In Chapter Five, the effectiveness of long-term HAART is analyzed. Survival analysis was conducted on 213 patients on long-term HAART. The primary endpoint was presence of an AIDS defining illness. A high level of clinical failure, or progression to an endpoint, was found.

Chapter Six yields insights into where we are going. New technology such as viral genotypic testing, that looks at the genetic structure of HIV and determines where mutations have occurred, has shown that HIV is capable of producing resistance mutations that confer multiple drug resistance. This section looks at resistance issues and speculates, ceterus parabis, where the state of HIV is going. This section first addresses viral genotype and the correlates of viral load and disease progression. A second analysis looks at patients who have failed their primary attempts at HAART and subsequent salvage therapy. It was found that salvage regimens, efforts to control viral replication through the administration of different combinations of antiretrovirals, were not effective in 90 percent of the population in controlling viral replication. Thus, primary attempts at therapy offer the best change of viral suppression and delay of disease progression. Documentation of transmission of drug-resistant virus suggests that the public health crisis of HIV is far from over. Drug resistant HIV can sustain the epidemic and hamper our efforts to treat HIV infection. The data presented suggest that the decrease in the morbidity and mortality due to HIV/AIDS is transient. Deaths due to HIV will increase and public health officials must prepare for this eventuality unless new treatments become available. These results also underscore the importance of the vaccine effort.

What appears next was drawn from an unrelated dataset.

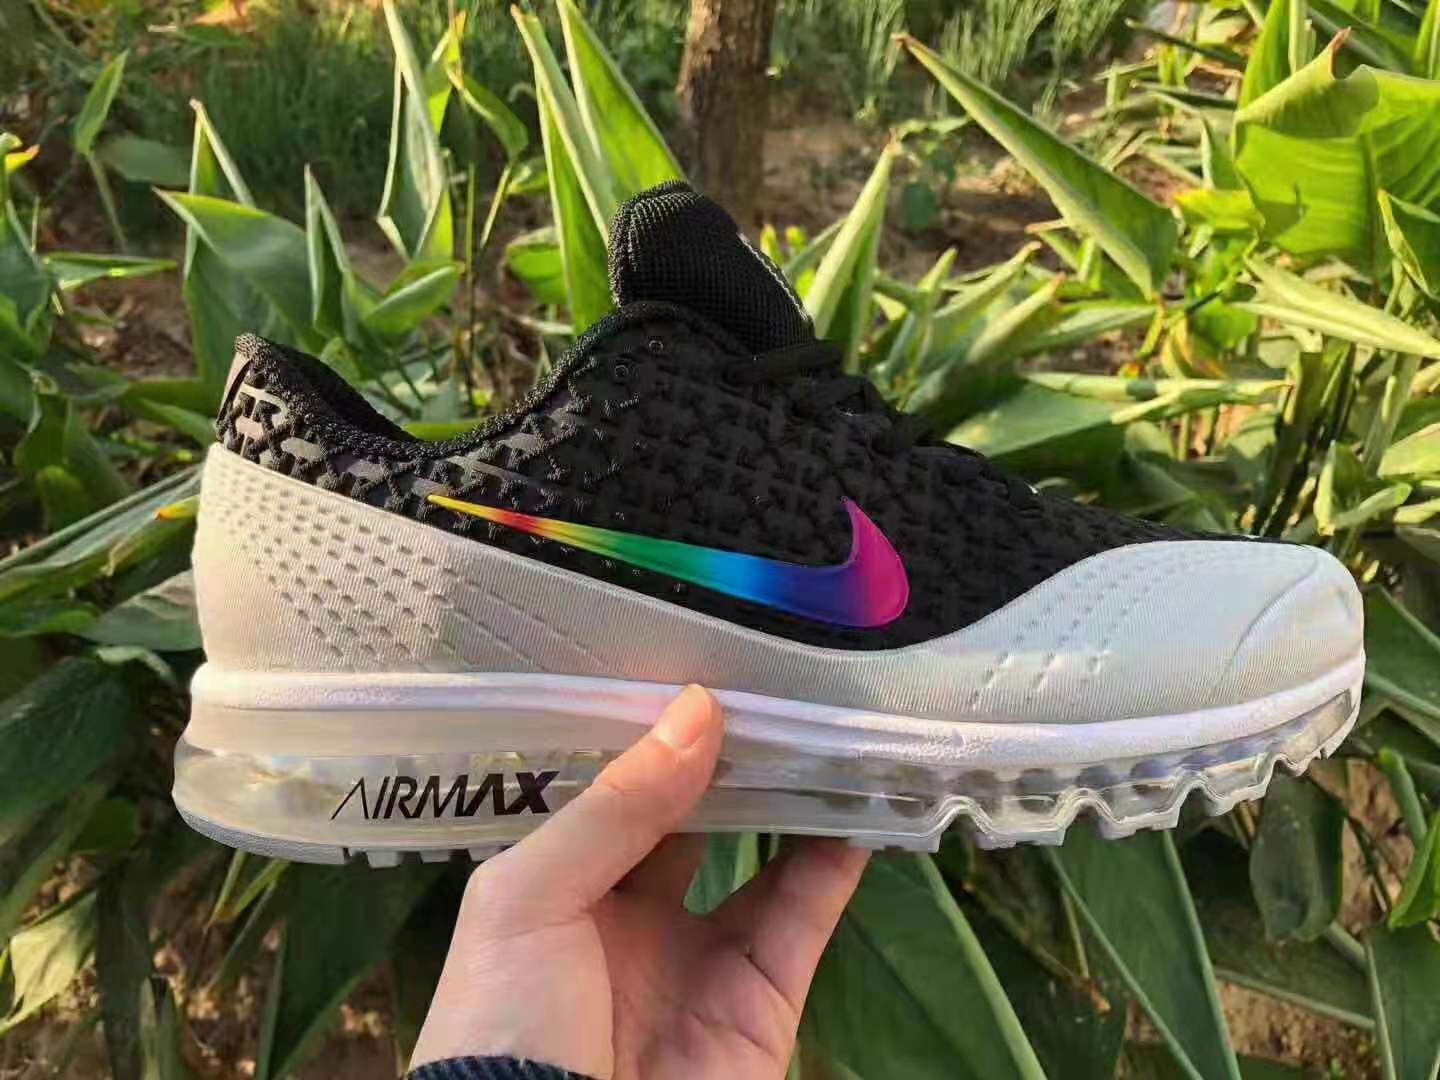 Men's Hot sale Running weapon Nike Air Max 2019 Shoes 091

The final chapter looks at the economic issues related to HIV. The direct and indirect costs of treating HIV/AIDS are very high. For the first time in the epidemic, there exists treatment that can actually slow disease progression. The direct costs for HAART are estimated. It is estimated that the direct lifetime costs for treating each HIV infected patient with HAART is between $353,000 to $598,000 depending on how long HAART prolongs life. If one looks at the incremental cost per year of life saved it is only $101,000. This is comparable with the incremental costs per year of life saved from coronary artery bypass surgery.

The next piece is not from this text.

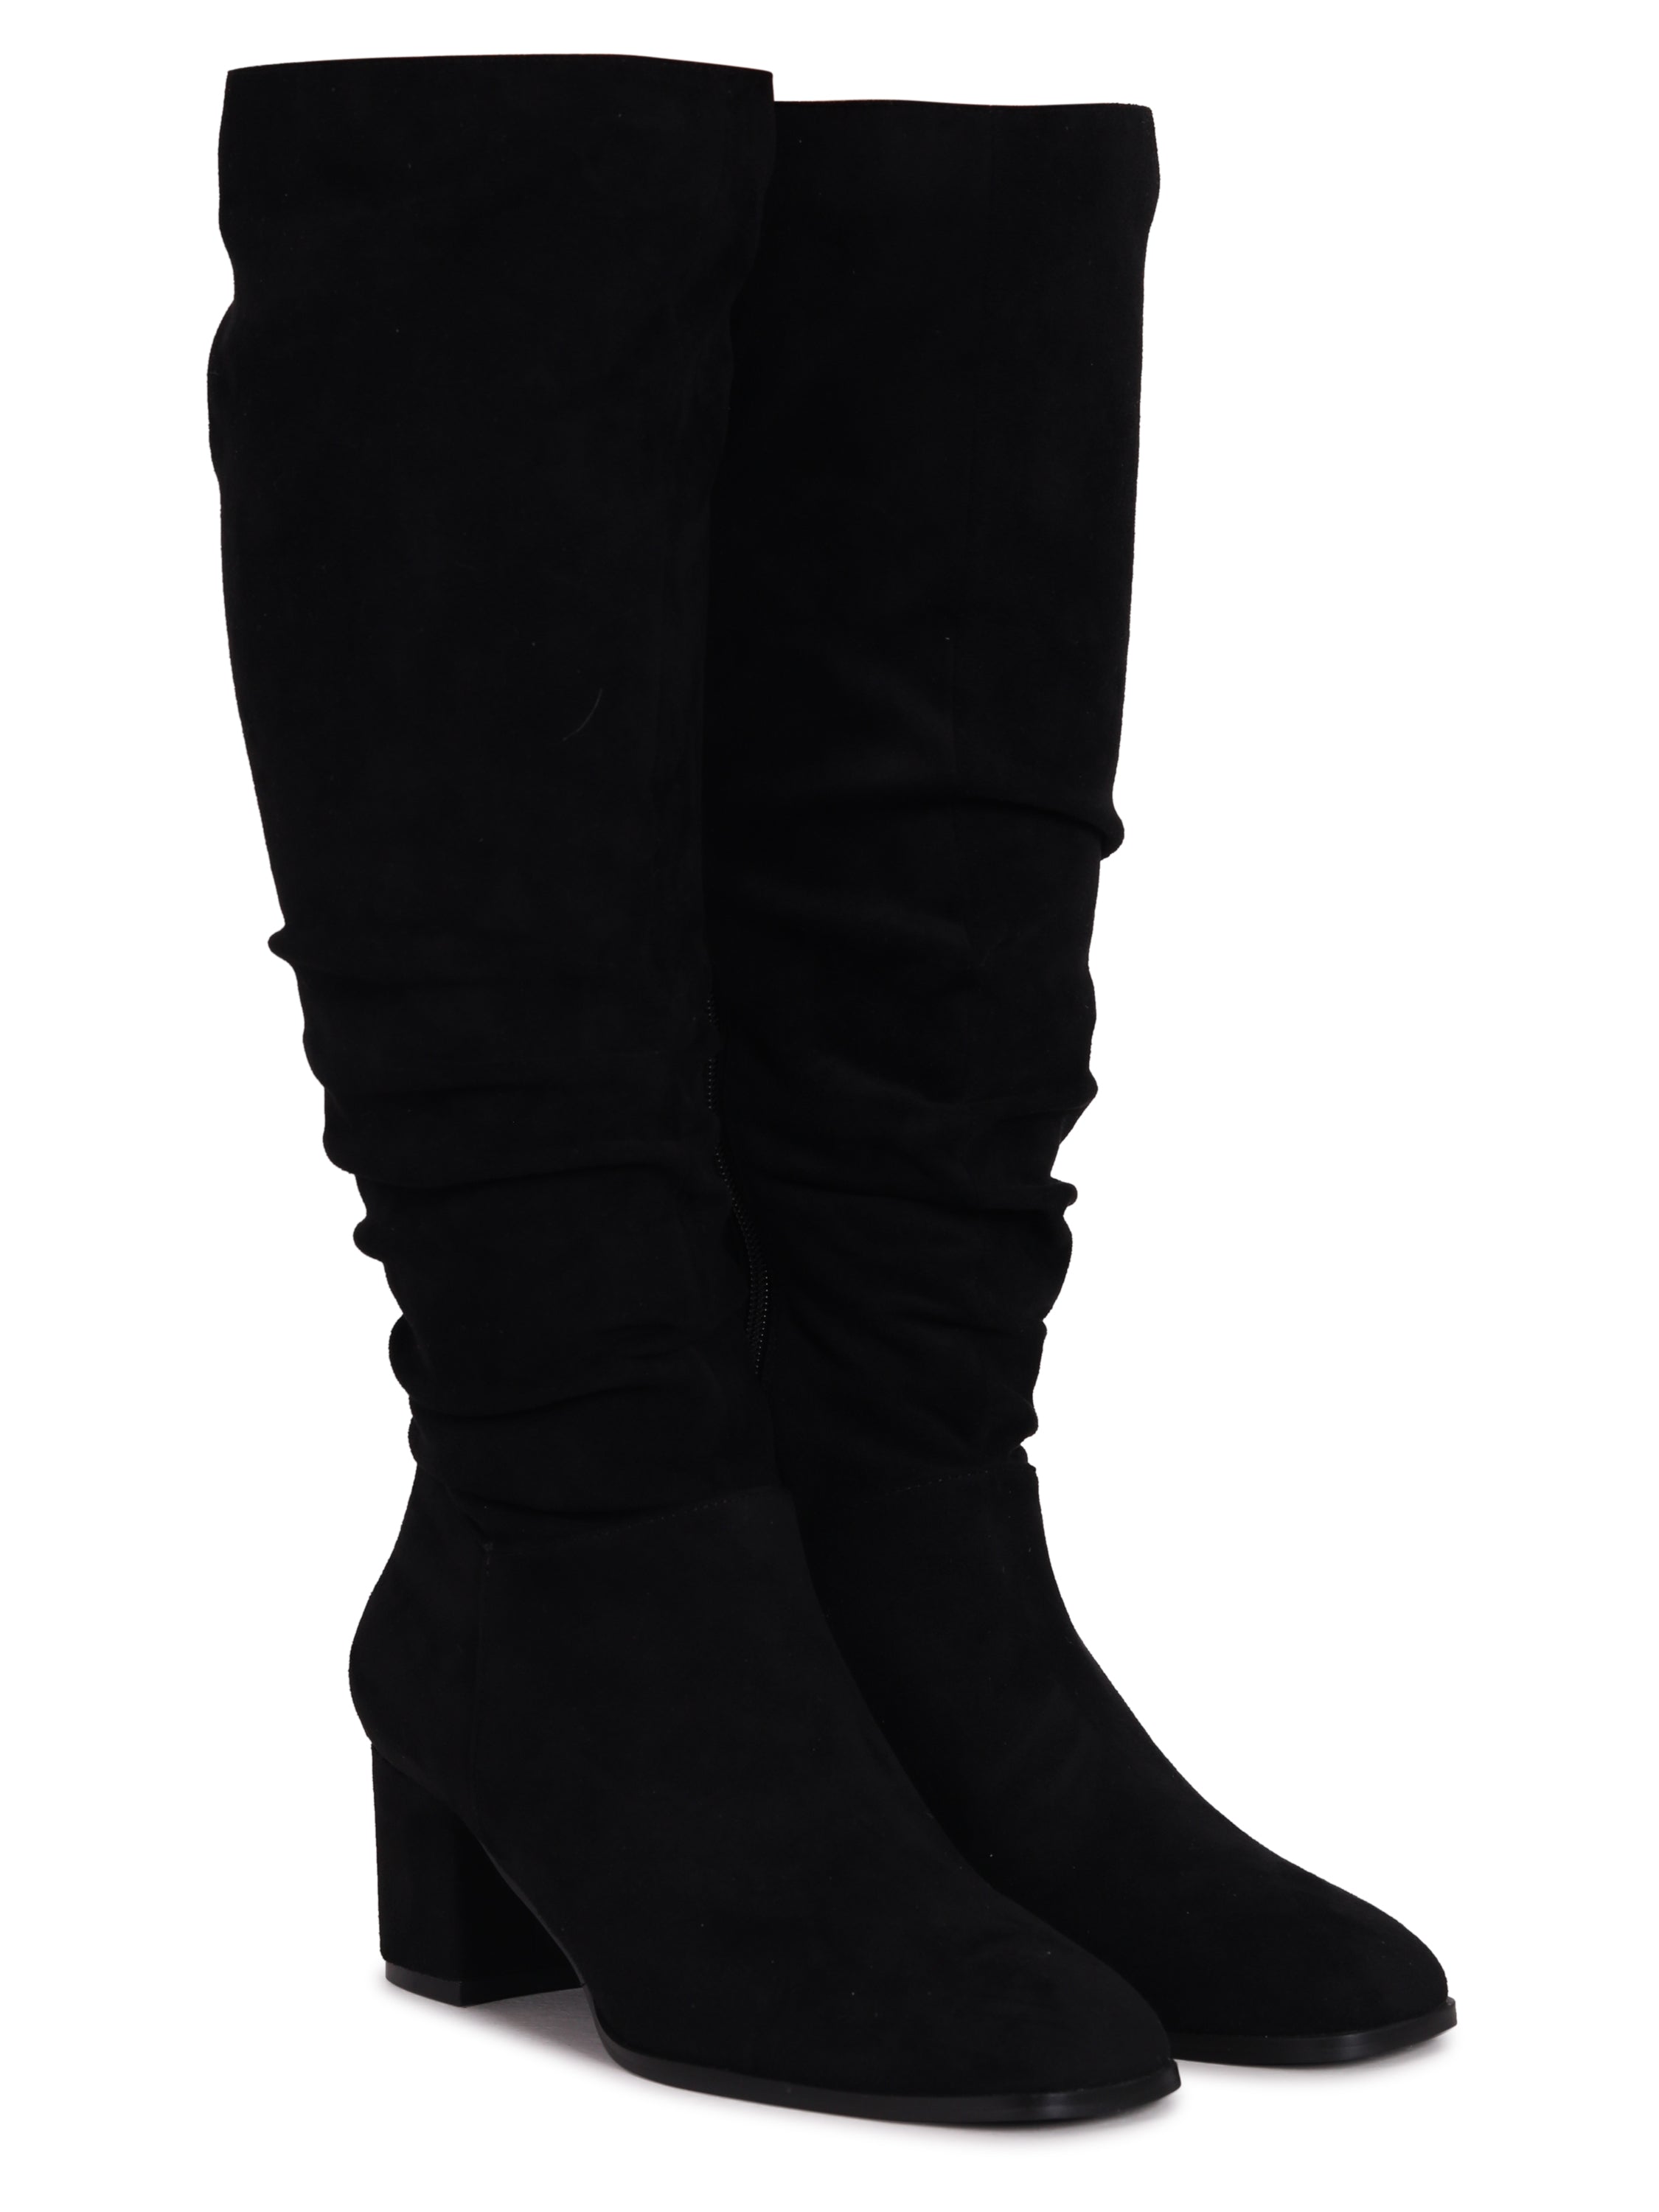 Black Faux Suede Knee High Block Heeled Ruched Boot With Square Toe – Linzi

Policy makers need to be aware that although HAART can delay disease progression, it is not a cure and HIV is not over. The results presented here suggest that the decreases in the morbidity and mortality due to HIV are transient. Policymakers need to be prepared for the eventual increase in AIDS incidence and mortality. Costs associated with HIV/AIDS are also projected to increase. The cost savings seen recently have been from the dramatic decreases in the incidence of AIDS defining opportunistic infections. As patients who have been on HAART the longest start to progress to AIDS, policymakers and insurance companies will find that the cost of treating HIV/AIDS will increase.